Vic climbed onto his bed. "God, I'm sorry I said that. Forgive me. I know you mean well. I mean, I know you didn't mean this. No, I mean I know that you have a good reason for doing what you do. Our faith has to be tested. Thy will be done. The water lapped onto the bed. Boxes, papers, Vic's bedside Bible floated on the oily, muddy water. Oh, Christ! Water was coming in the window! Fug!
Vic couldn't get downstairs for his stepladder. With water around his hips he managed to pull the dresser over under the hatch to the attic. Climbing onto the dresser he pushed open the almost forgotten hatch. He hadn't done a pullup for years. Would his stomach even fit through? He jumped and heaved, badly bruising his elbows and hips, but now he was safe. Something was thumping around on his roof. Neighbors? Rescuers with a boat? Sounded like a goddam horse! That Italian neighbor down at the end of the street with his goddam horse that he kept for Mardi Gras!

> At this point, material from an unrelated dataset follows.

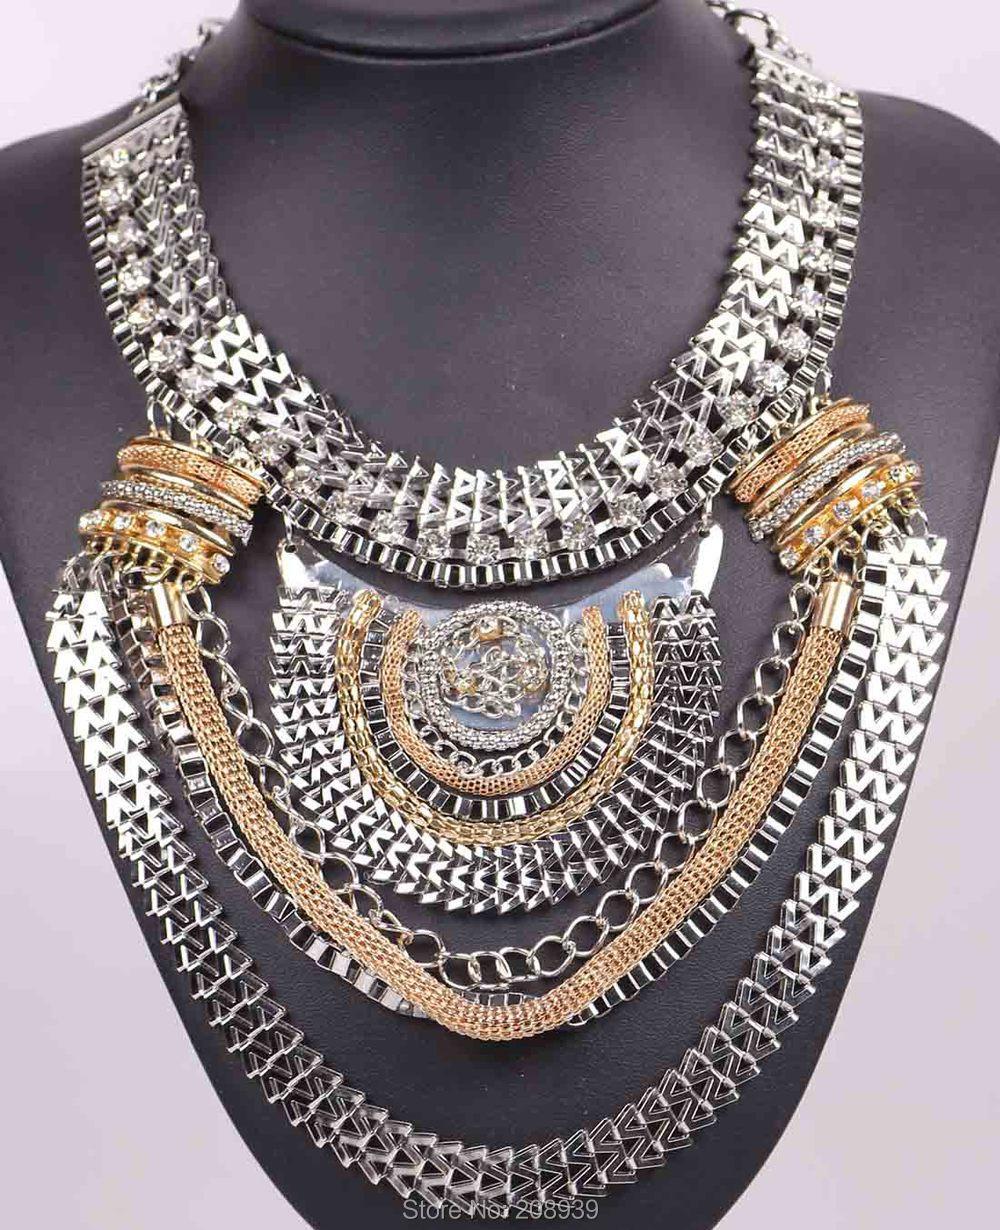 Joyería de moda hecha a mano novedosa, cadena geométrica Bohemia, collar gargantilla para mujer Q965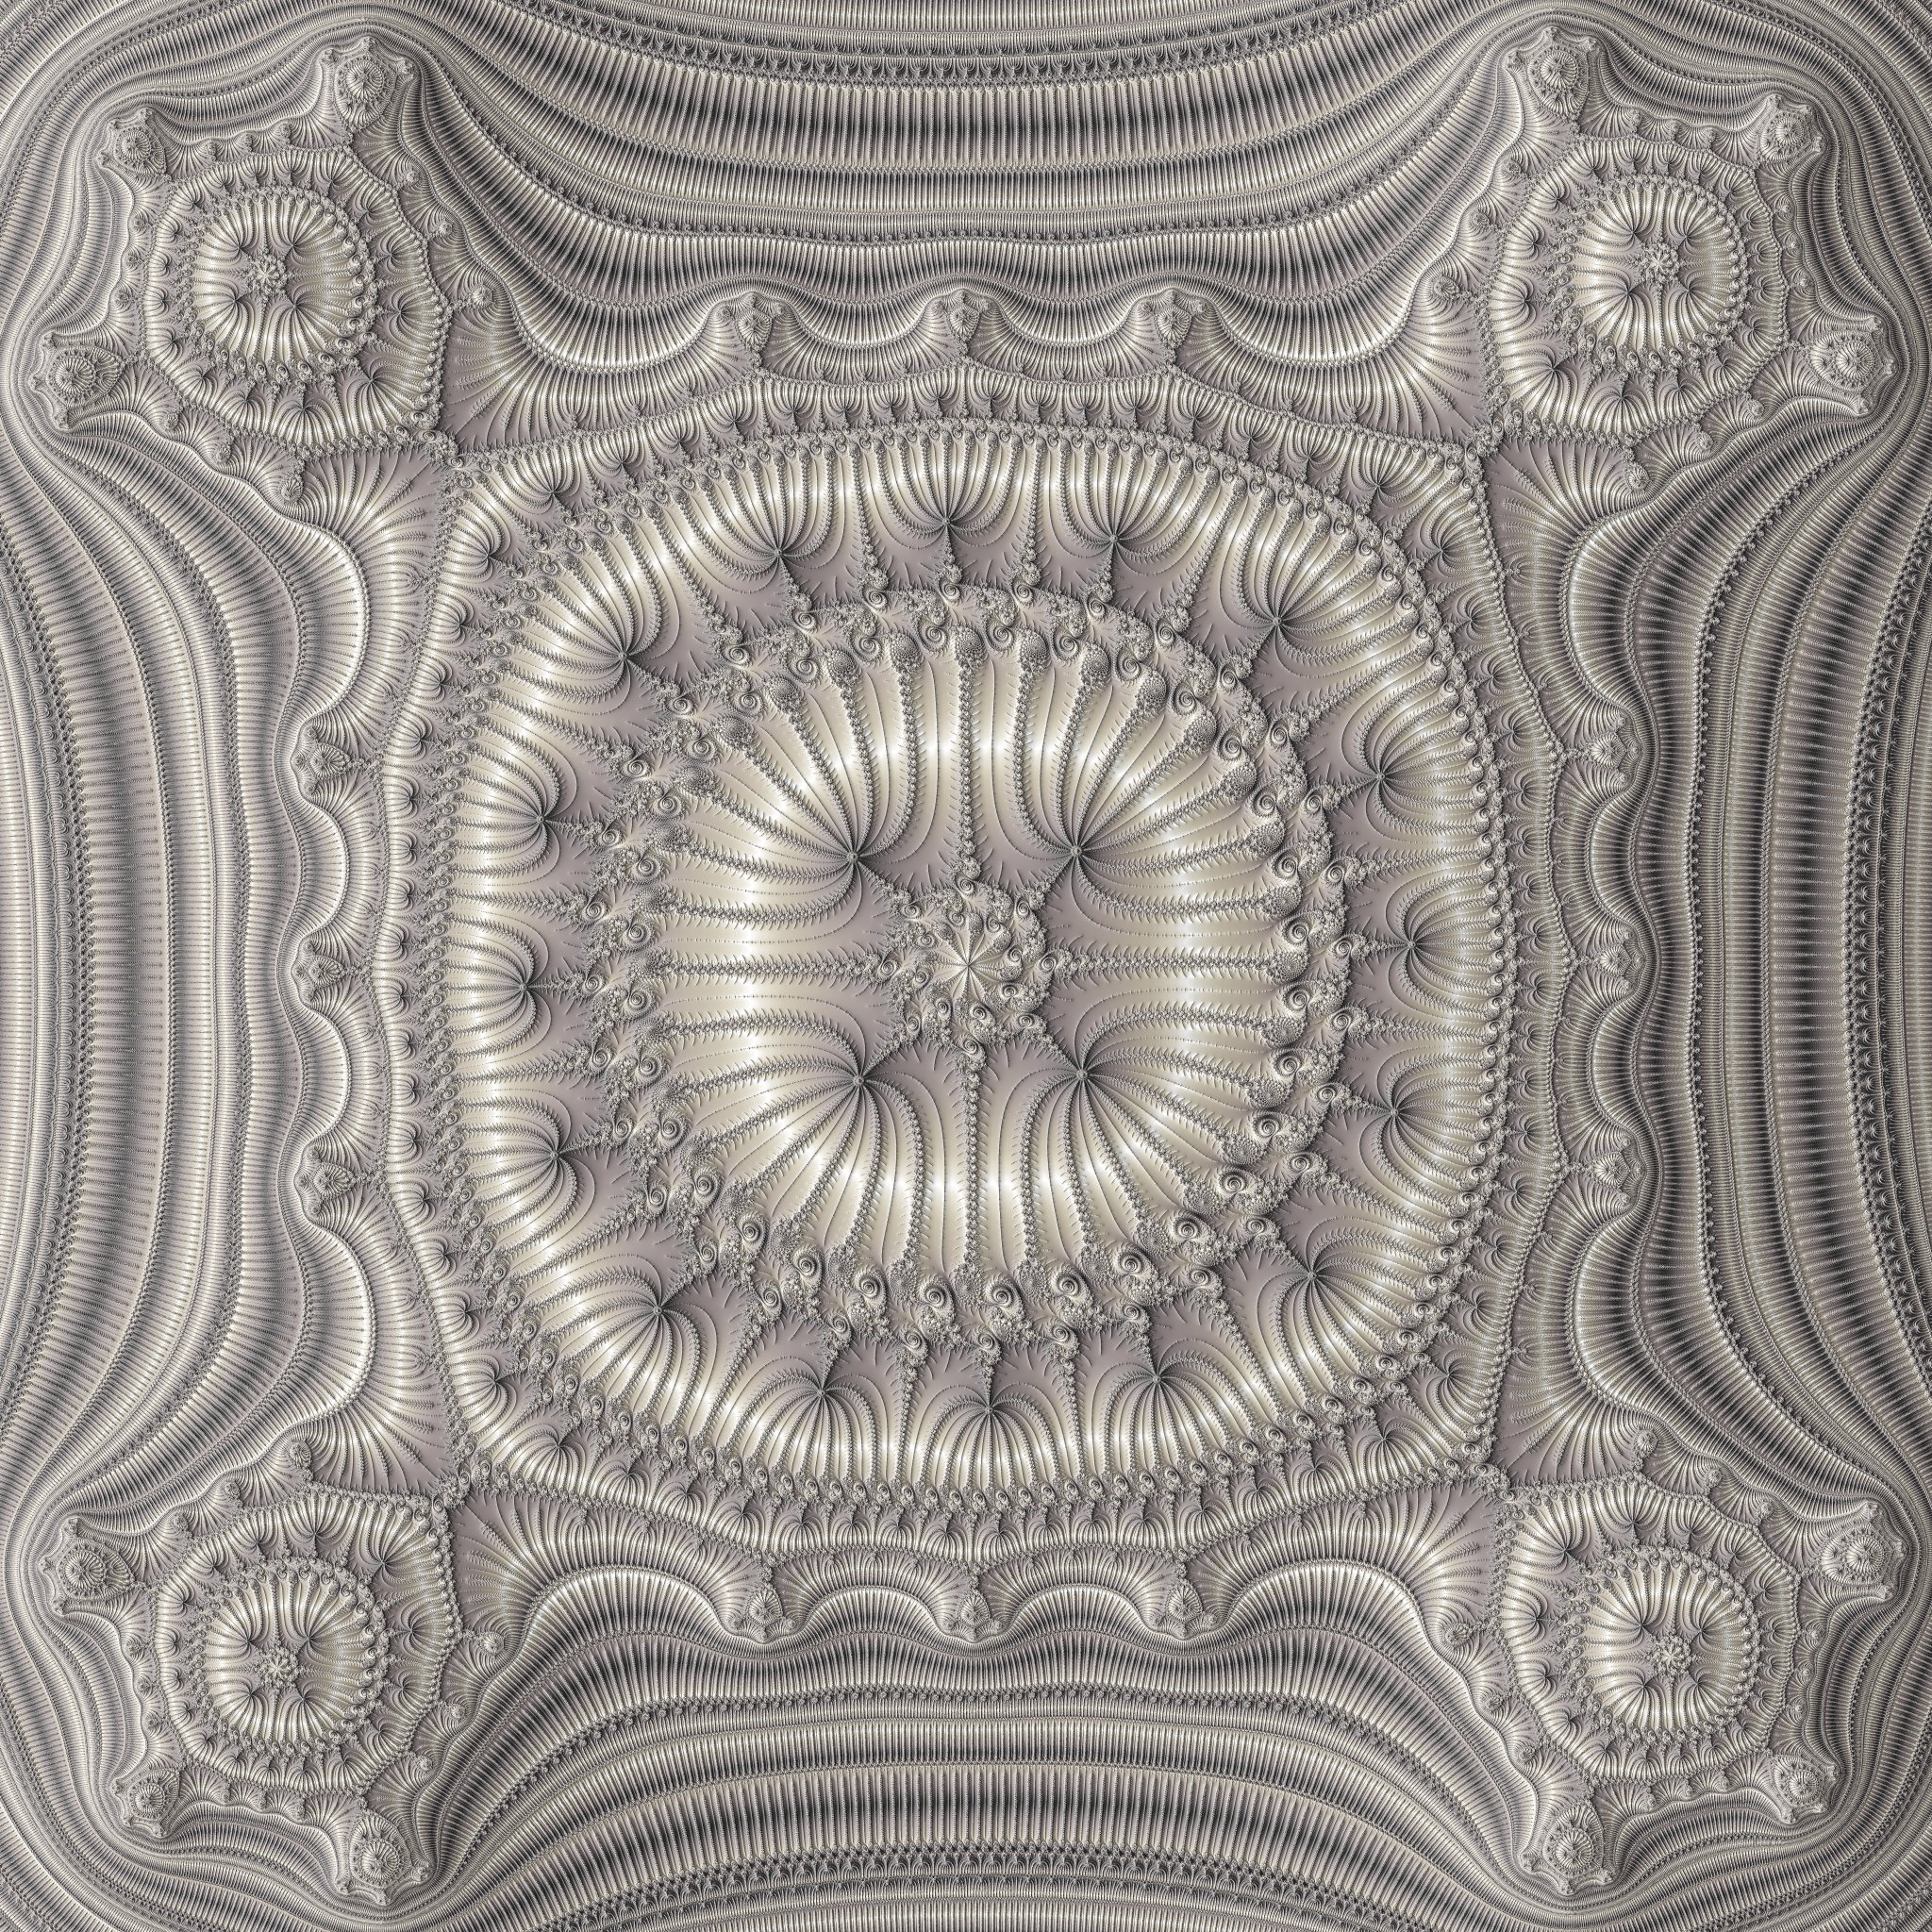 Olbaid ST's Deep Mandelbrot Set #043 by bryceguy72

No, it was probably another uprooted tree! The fugging water was coming through the hatch. This wasn't possible! It was pitch black and stiffling. There was an acrid smell of gas and sewage.
Groping in the water for something to use as a hammer, Vic could find nothing. He took his shoe off and began bashing it against the roof. Goddam frogs that made this house! There was no need to use such heavy boards on the fuggin roof! Vic sloshed around in the blackness groping for the peak of the roof. What if he fell through the goddam hatch! "Why didn't I put the fuggin hatch back?" Vic sobbed. He found the peak, but his head was the only part of his body above the water. He pressed his nose agaist the slivvery wood, and suddenly realized he was getting stung by angry wasps or hornets. Jesus H. Christ! No! God forgive me! God, please. If you help me I'll do anything for you! I'll go to Africa and take care of sick homosexuals who have AIDS! I'll go to prison and read the Bible to comdemned murderers. I'll go down to the red light district every night and comfort the poor whores who are too diseased to find clients. Fug! God! Can you hear me you sun of a bidge!
A helicopter beat overhead. The pilot looked down on some old brick chimneys - all that remained above water on Goudeau Street. The surface of the water suddenly burst into flames, and the helicopter veared away from the dense cloud of black smoke.